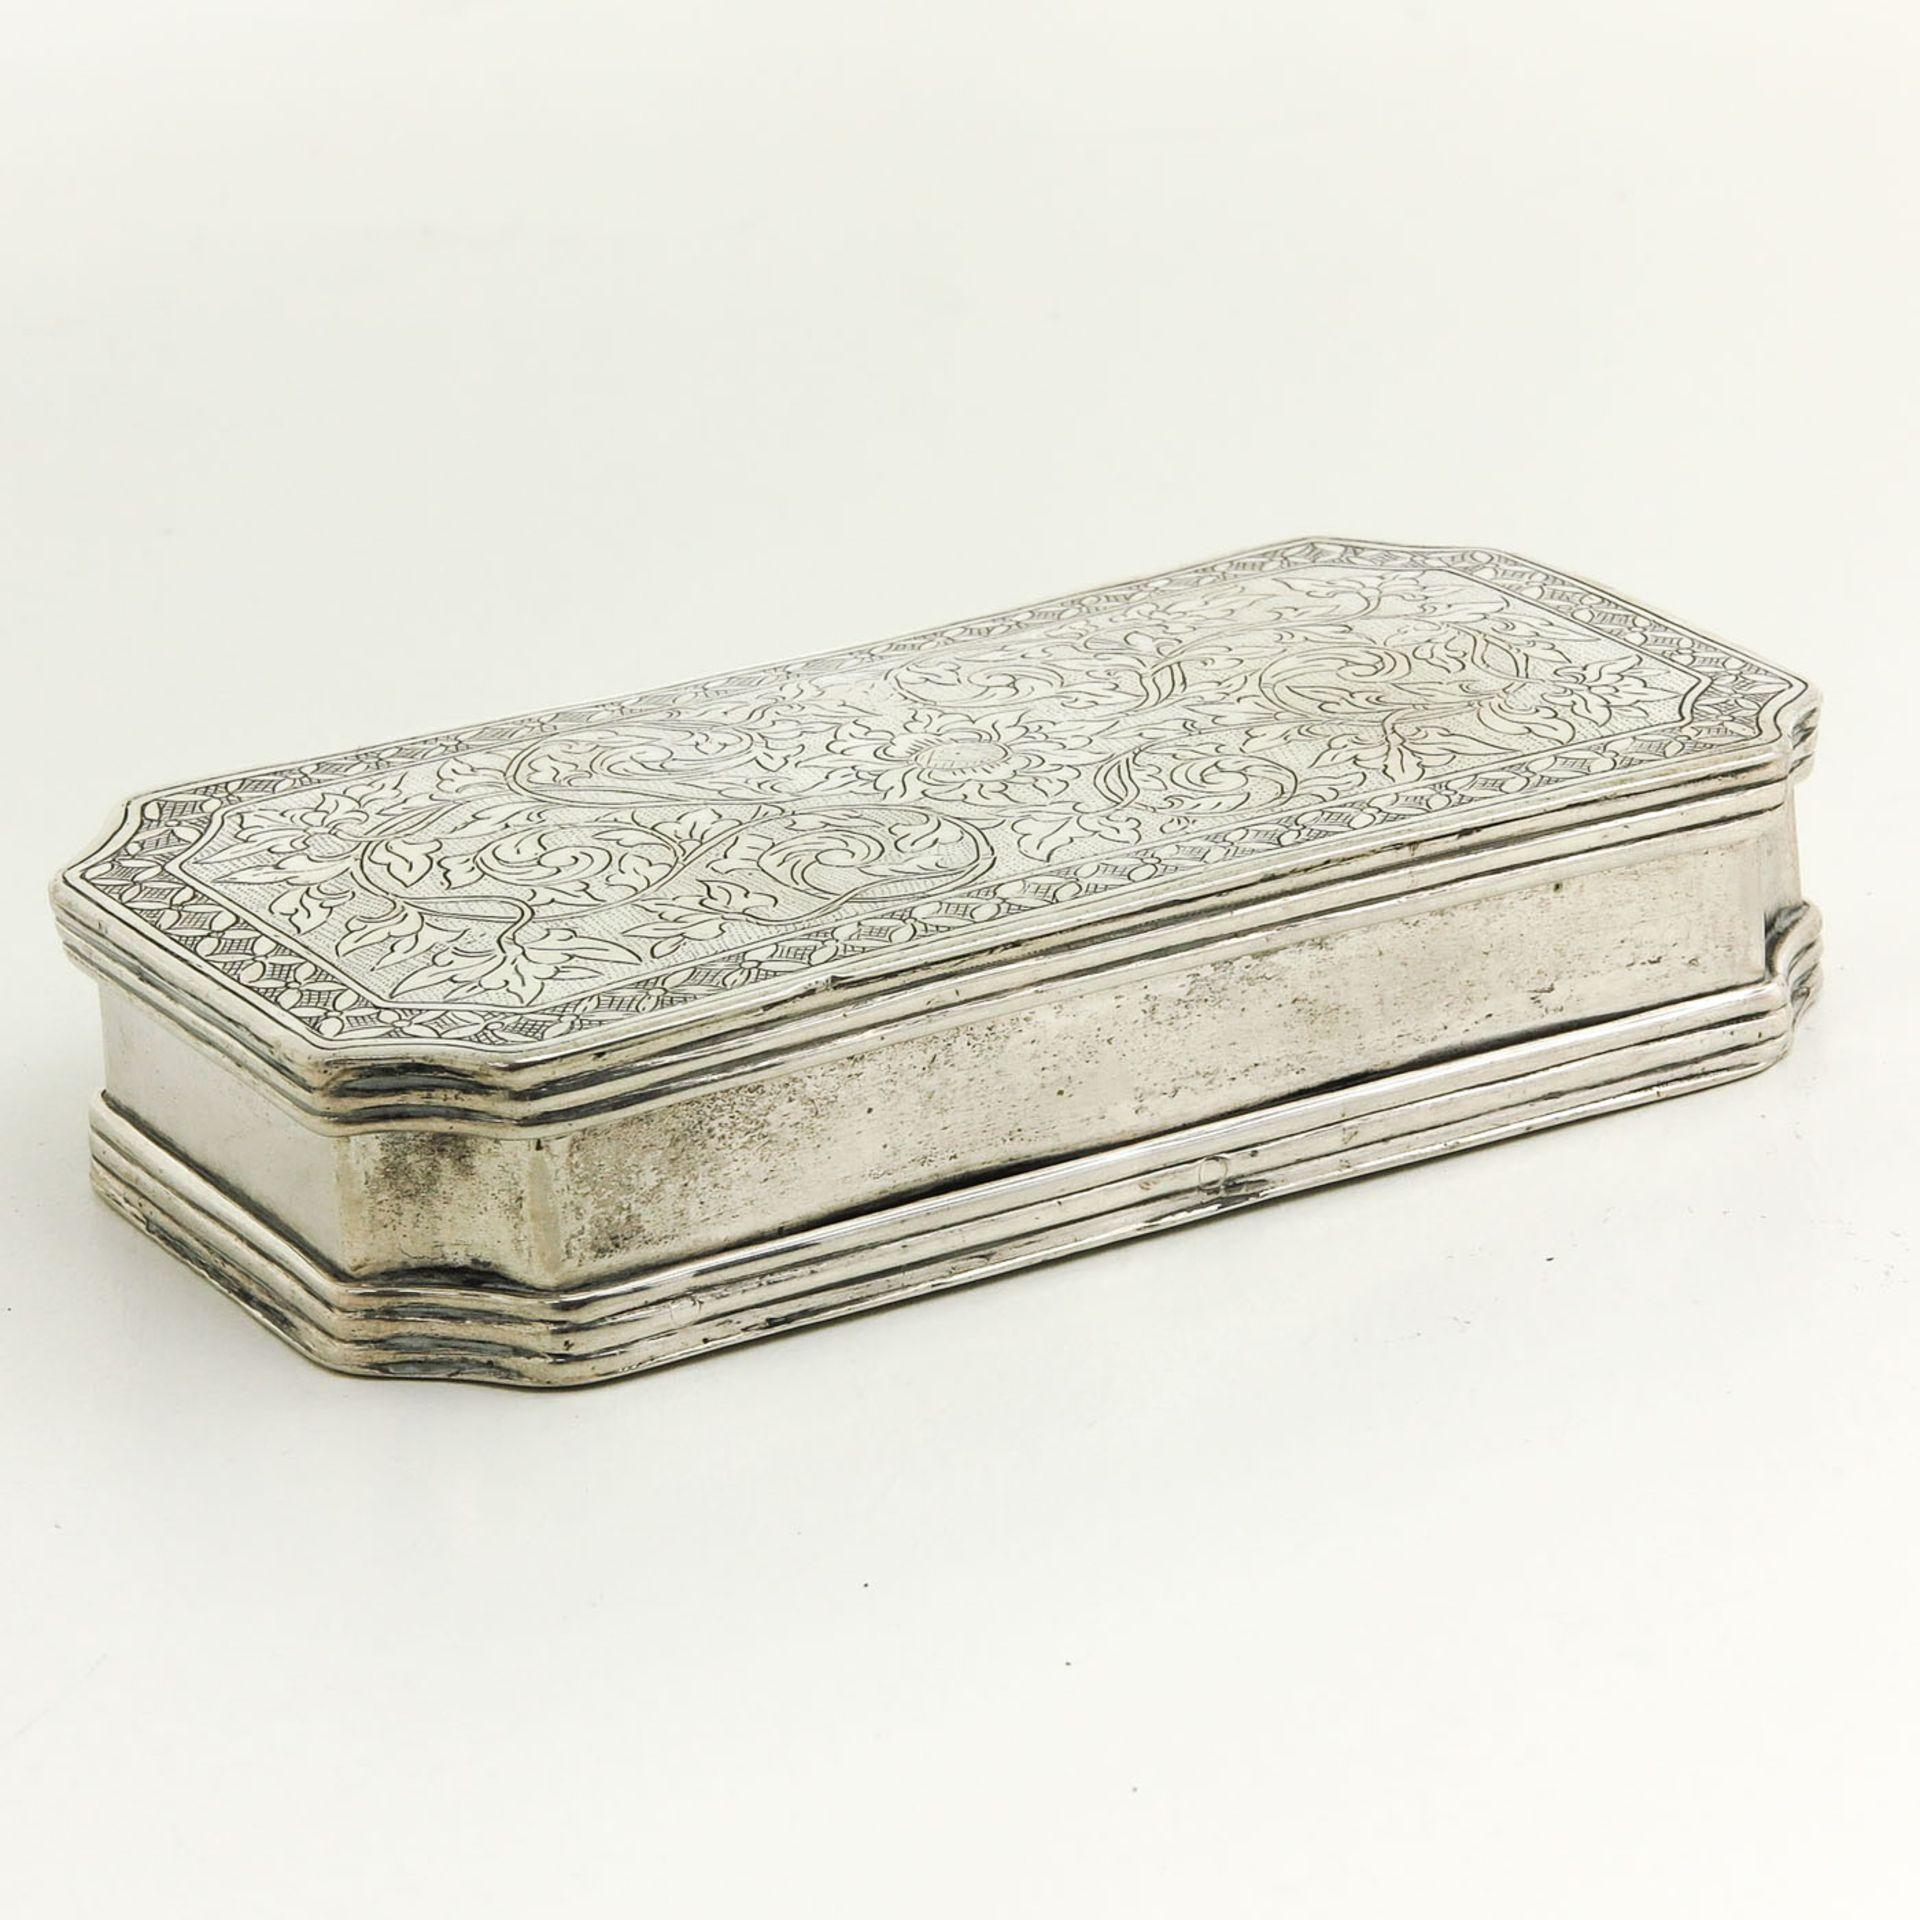 Los 3225 - An 18th Century Snuff Box
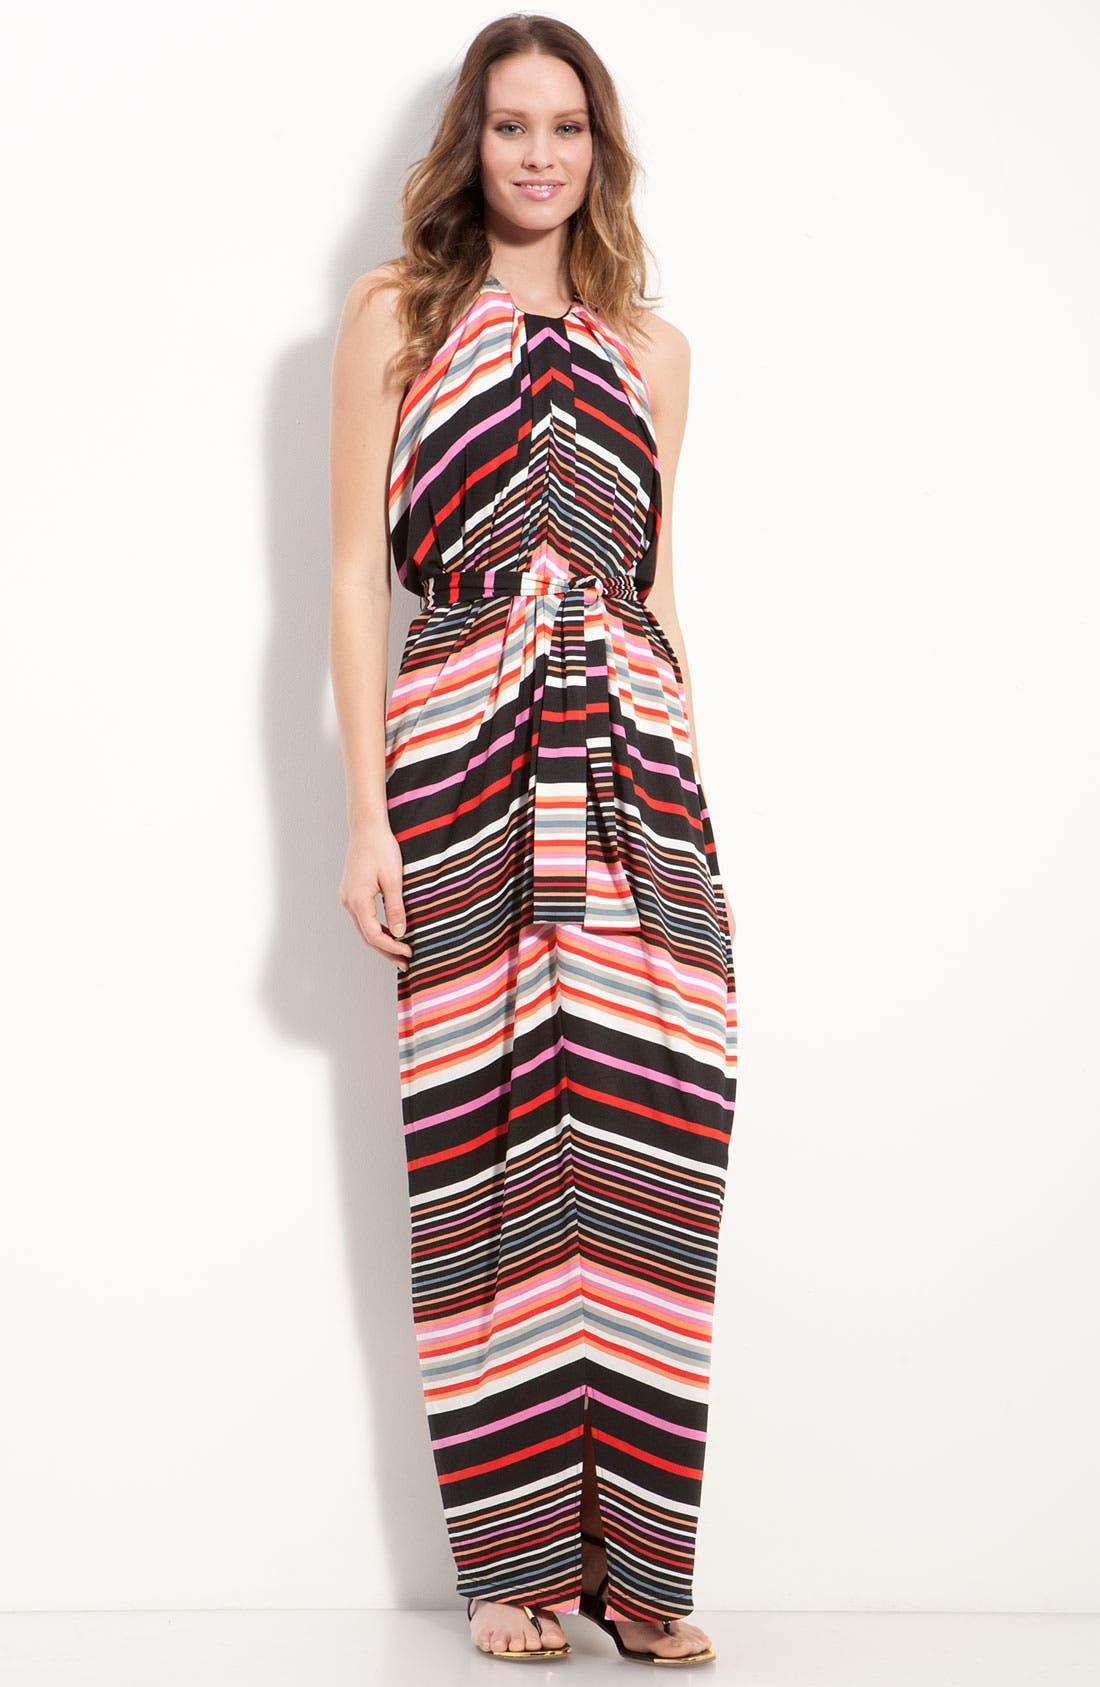 Main Image - Suzi Chin for Maggy Boutique Stripe Jersey Halter Dress
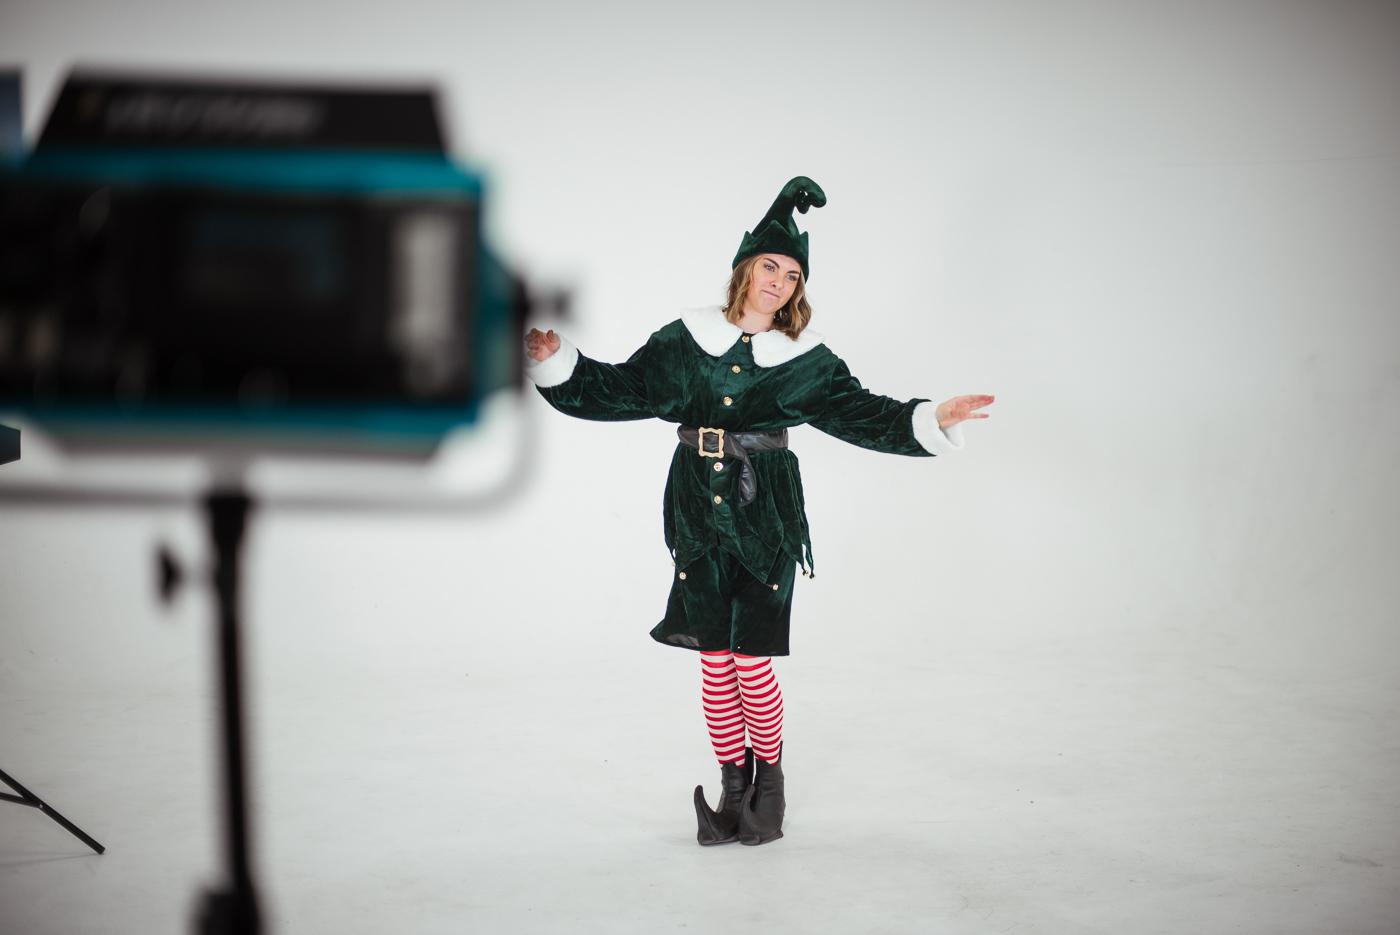 PHOCO Christmas Card The Articulate Photo Studio Cyclorama Infinity Wall Colorado Fort Collins Photographer Elf Yourself BTS-10.jpg

═══

YOUR OBJECTIVE:
Reproduce the data exactly as it appears above. Pictures are to be left out.

EXERCISE SOLUTION:
 Los 3225 - An 18th Century Snuff Box
 Main Image - Suzi Chin for Maggy Boutique Stripe Jersey Halter Dress
 PHOCO Christmas Card The Articulate Photo Studio Cyclorama Infinity Wall Colorado Fort Collins Photographer Elf Yourself BTS-10.jpg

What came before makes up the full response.